Un compito per niente semplice per la responsabilità dell’impegno e la vastità del territorio da controllare, da Anzio fino a Passoscuro. Eppure, in poco tempo con il suo stile sempre misurato ha già lasciato il segno. La sua reggenza, così come aveva promesso all’insediamento, si è subito distinta per concretezza e risultati. “Il bilancio finora è estremamente positivo – esordisce nel suo ufficio al piano terra di viale Traiano – fin dall’inizio ho dato ai miei uomini una indicazione molto chiara, quella di uscire dagli uffici, fare sopralluoghi, controllare il territorio”. E i risultati gli hanno dato ragione perché quei controlli hanno permesso di verificare tante situazioni anomale e di contenere gli effetti più negativi sul tema che sta più a cuore a Savarese: la questione ambientale e la salute dei cittadini.

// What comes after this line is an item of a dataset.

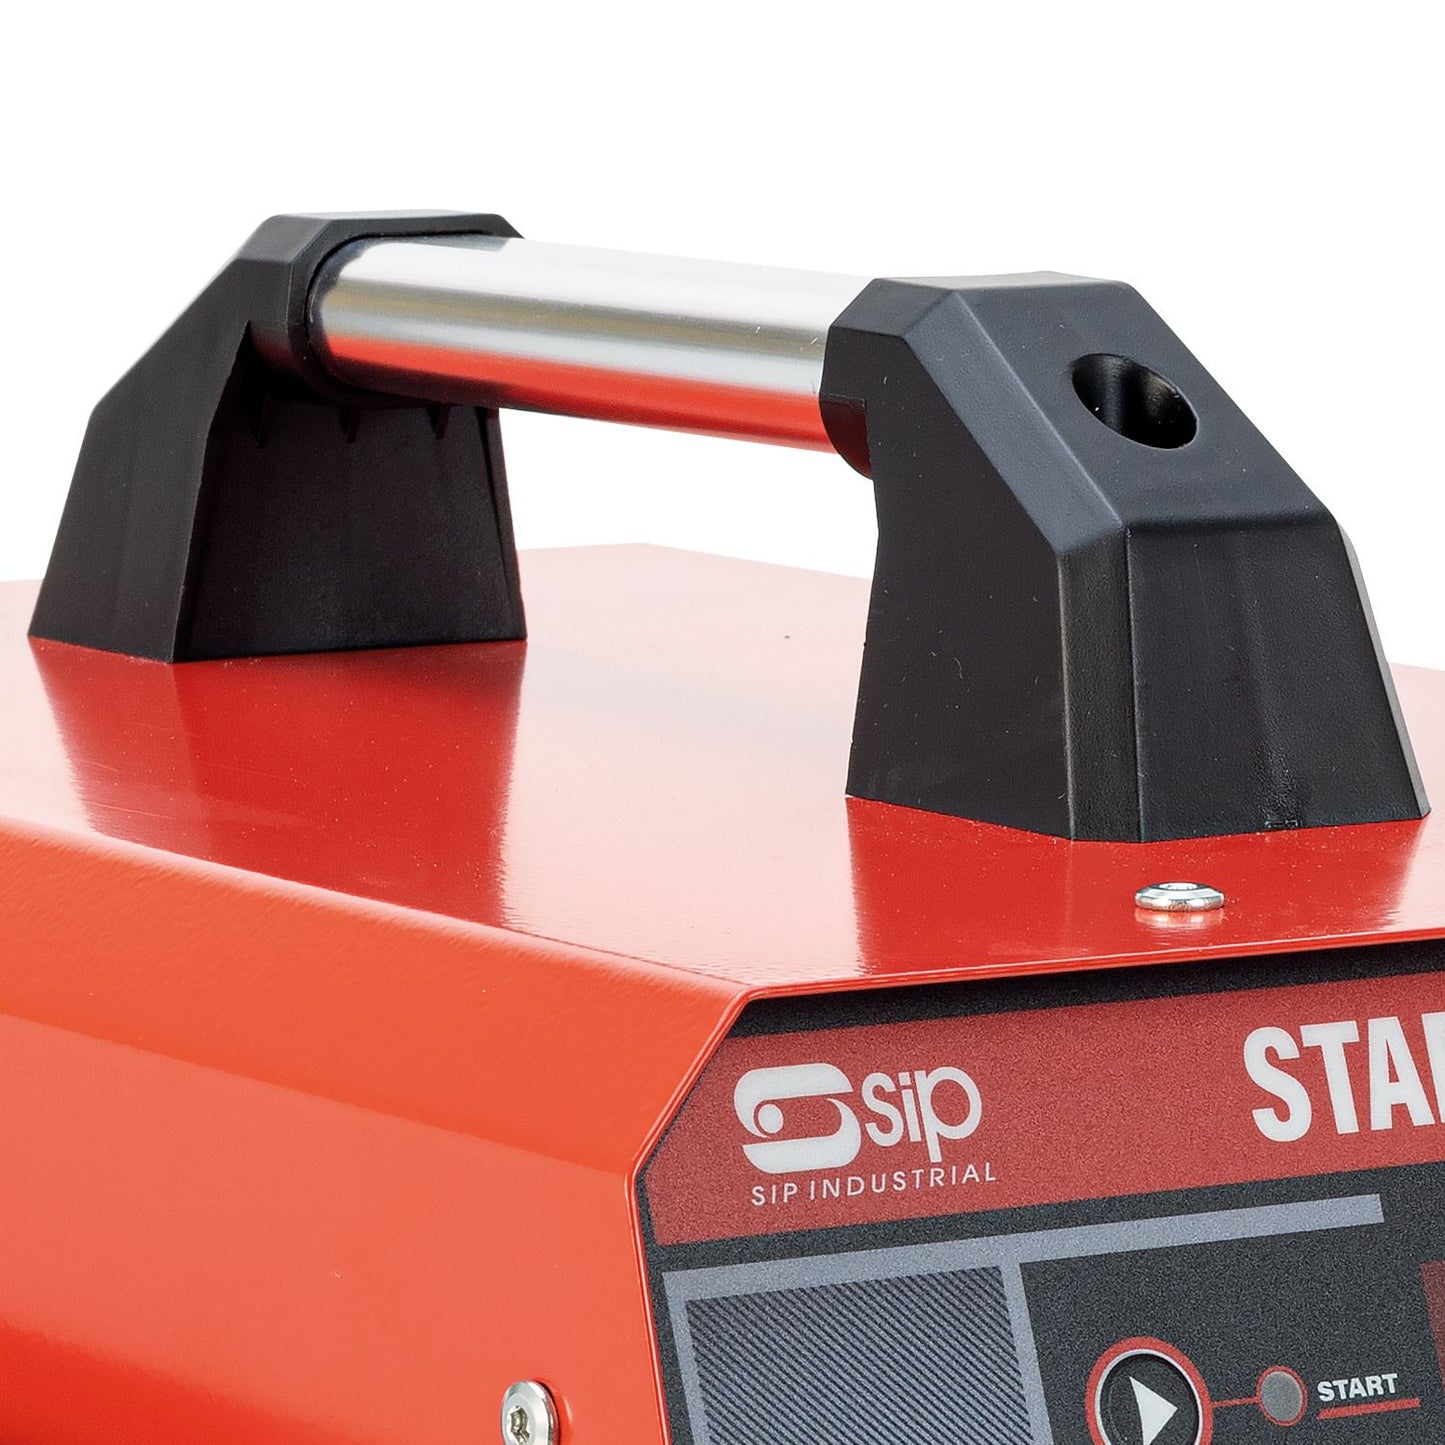 SIP Industrial STARTMASTER DSC200B Digital Starter Charger

Dai tanti controlli fatti su quella rete di canali e fossi che dal mare arriva fino a Roma è emersa la necessità di procedere ad una mappatura dei punti più sensibili per evitare criticità. “Ci siamo fatti una idea molto precisa – spiega Savarese – da tutta questa rete di canali l’acqua ritorna alla fine verso il mare. Così, in collaborazione con tutti i principali soggetti ed enti interessati, come il Consorzio di Bonifica, l’Acea, l’Arpa, abbiamo inteso esercitare un monitoraggio della situazione per avere un quadro reale e per scongiurare eventi anomali”. Un percorso non semplice, lungo, a volte macchinoso, ma l’unico possibile per evitare che chiunque si senta libero e impunito nello scaricare qualunque cosa in quelle acque.

Un altro importante filone della direzione di Savarese riguarda quello delle indagini di polizia amministrativa, anche in questo caso la priorità è la tutela generale della salute.

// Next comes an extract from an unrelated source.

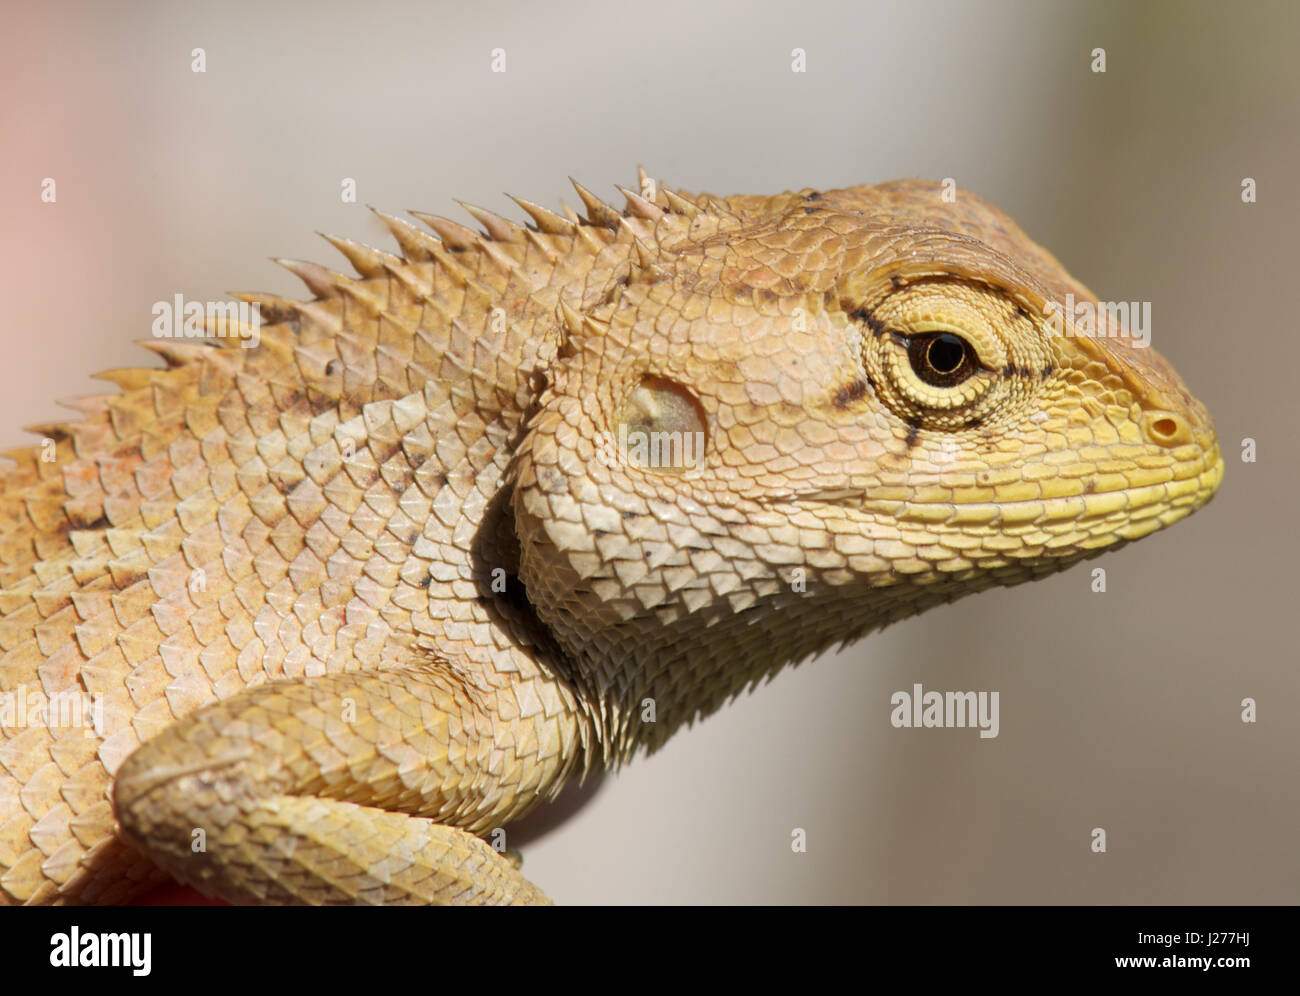 lizard vetnam Stock Photo

“Siamo intervenuti in aree degradate per rimuovere rifiuti tossici e pericolosi come l’eternit – riprende il capitano di vascello – nelle ultime settimane anche a Fiumicino nella zona di Pesce Luna proprio in riva al mare abbiamo raccolto tonnellate di materiale”. Interventi che si sono ripetuti ovunque lungo il litorale romano, fino ad Ardea e Pomezia.

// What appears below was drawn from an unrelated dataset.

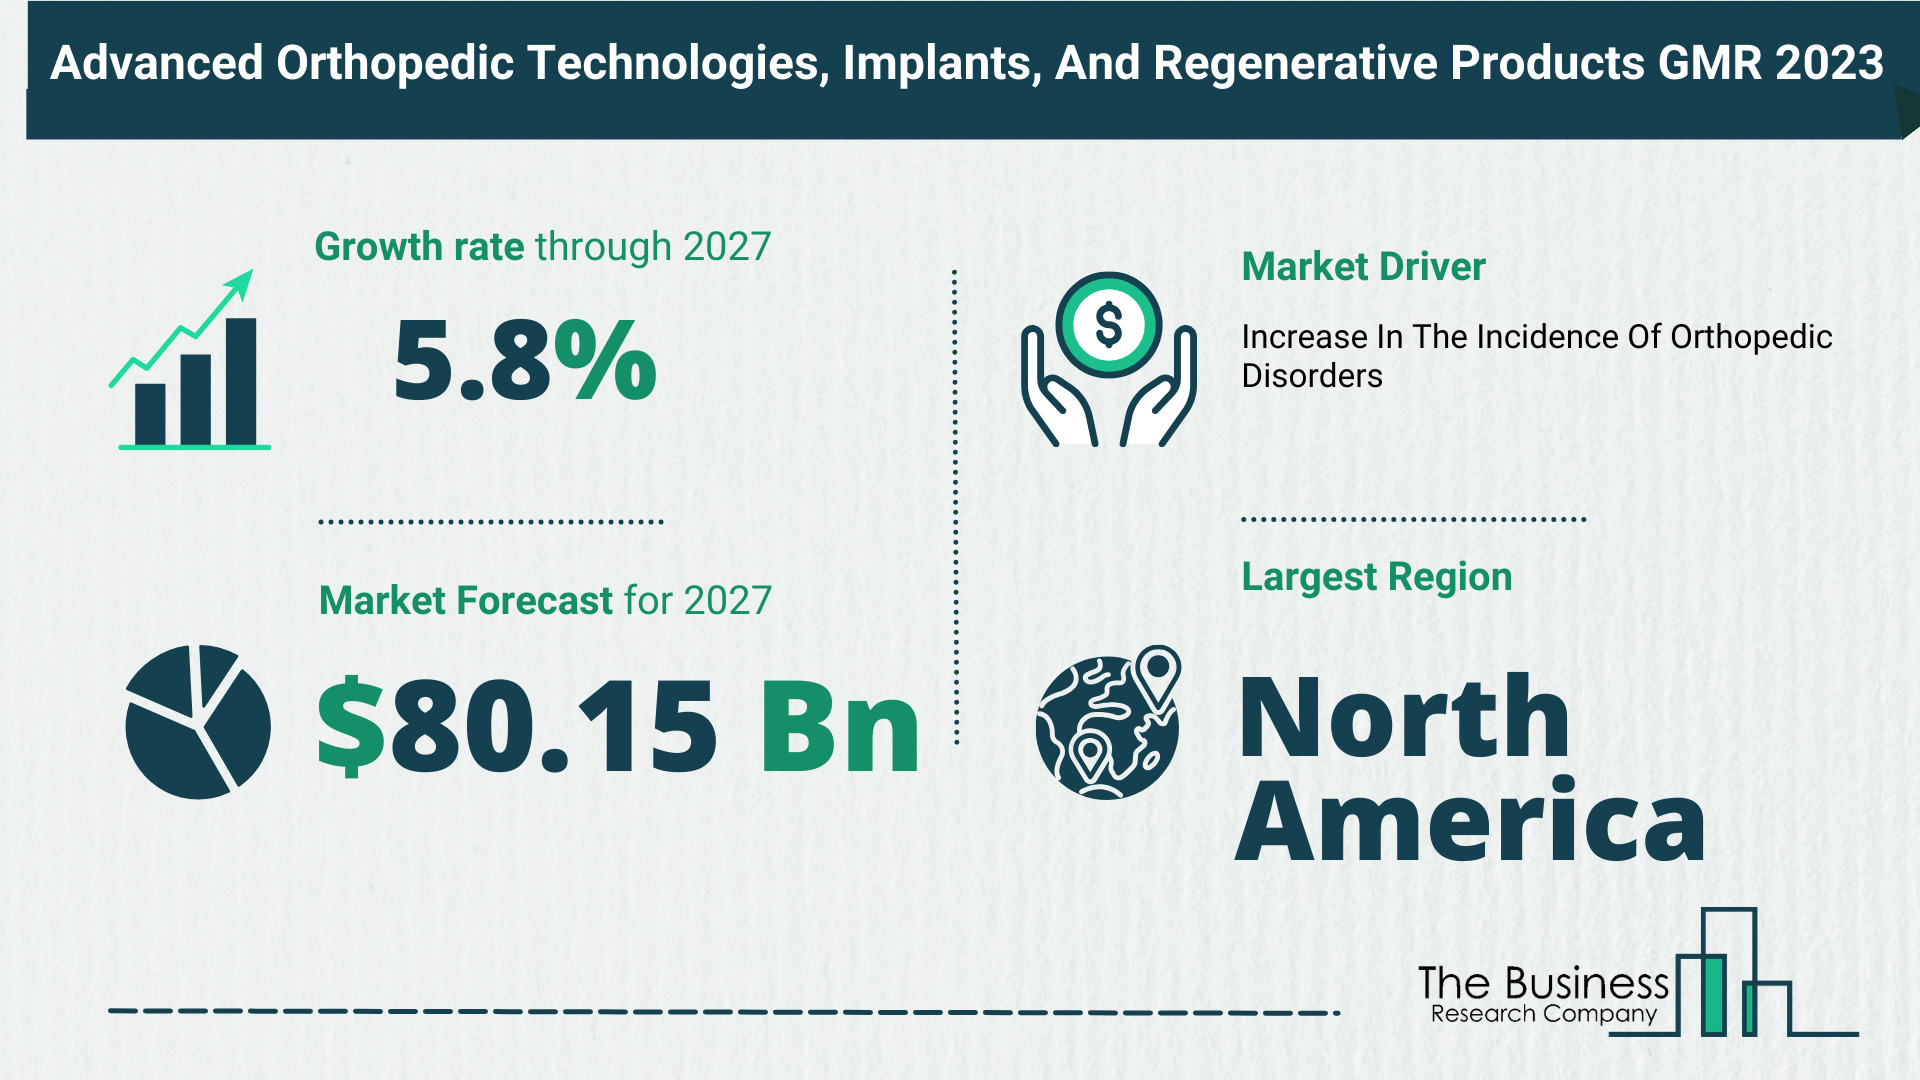 Global Advanced Orthopedic Technologies, Implants, And Regenerative Products Market

Ma c’è un punto sul quale l’attenzione dei militari si è particolarmente concentrata, quella dei prodotti ittici della loro effettiva qualità che diventa una minaccia per la salute pubblica quando si perdono i requisiti essenziali di tracciabilità e freschezza. “Ormai è noto a tutti come nella Capitale per soddisfare la domanda di pesce che finisce sulle tavole si ricorra al 90% all’importazione dall’estero – chiarisce Savarese – diventa allora essenziale che questi prodotti siano sicuri, che si sappia da dove provengono e che siano conservati bene. Invece in tante occasioni abbiamo riscontrato irregolarità, pesce surgelato spacciato per fresco, merluzzi che erano tutte altre cose, merce chiaramente scaduta e deteriorata che continuava ad essere venduta. Un quadro preoccupante che induce ad intensificare i controlli”. Anche la moda del pesce crudo non è molte volte in sintonia con la sicurezza e l’igiene, pochi ristorante dispongono dell’abbattitore che garantisce, se il pesce è fresco, un consumo senza rischi. “Invito i cittadini a chiedere sempre la provenienza dei prodotti ittici prima di comprarli e di segnalarci i casi sospetti”, aggiunge il comandante.

E in uno dei tanti controlli nel quartiere Esquilino gli uomini di Savarese si sono imbattuti in un fenomeno curioso, diffuso nella comunità cinese, quello del “Body Fish”. Giovani spogliarelliste invitano i clienti a mangiare filetti crudi di pesce appoggiati – e consumati ovviamente – direttamente sul loro corpo.

Un’altra priorità della Capitaneria di Porto di Roma è quella della balneazione e delle sue modalità di attuazione. “Gli stabilimenti balneari hanno la fetta principale del mercato romano – spiega Savarese – ma in questo momento di difficoltà economiche è necessario garantire a tutti l’accesso al mare. Per questo le spiagge libere devono essere tutelate, bisogna cercare di mantenerne aperte in numero sufficiente. I Comuni devono preservarle e considerarle per quello che sono: un tesoro per la collettività. Del resto, il mare e la spiaggia sono un bene pubblico: nostro dovere e quello di difenderli come interesse comune”.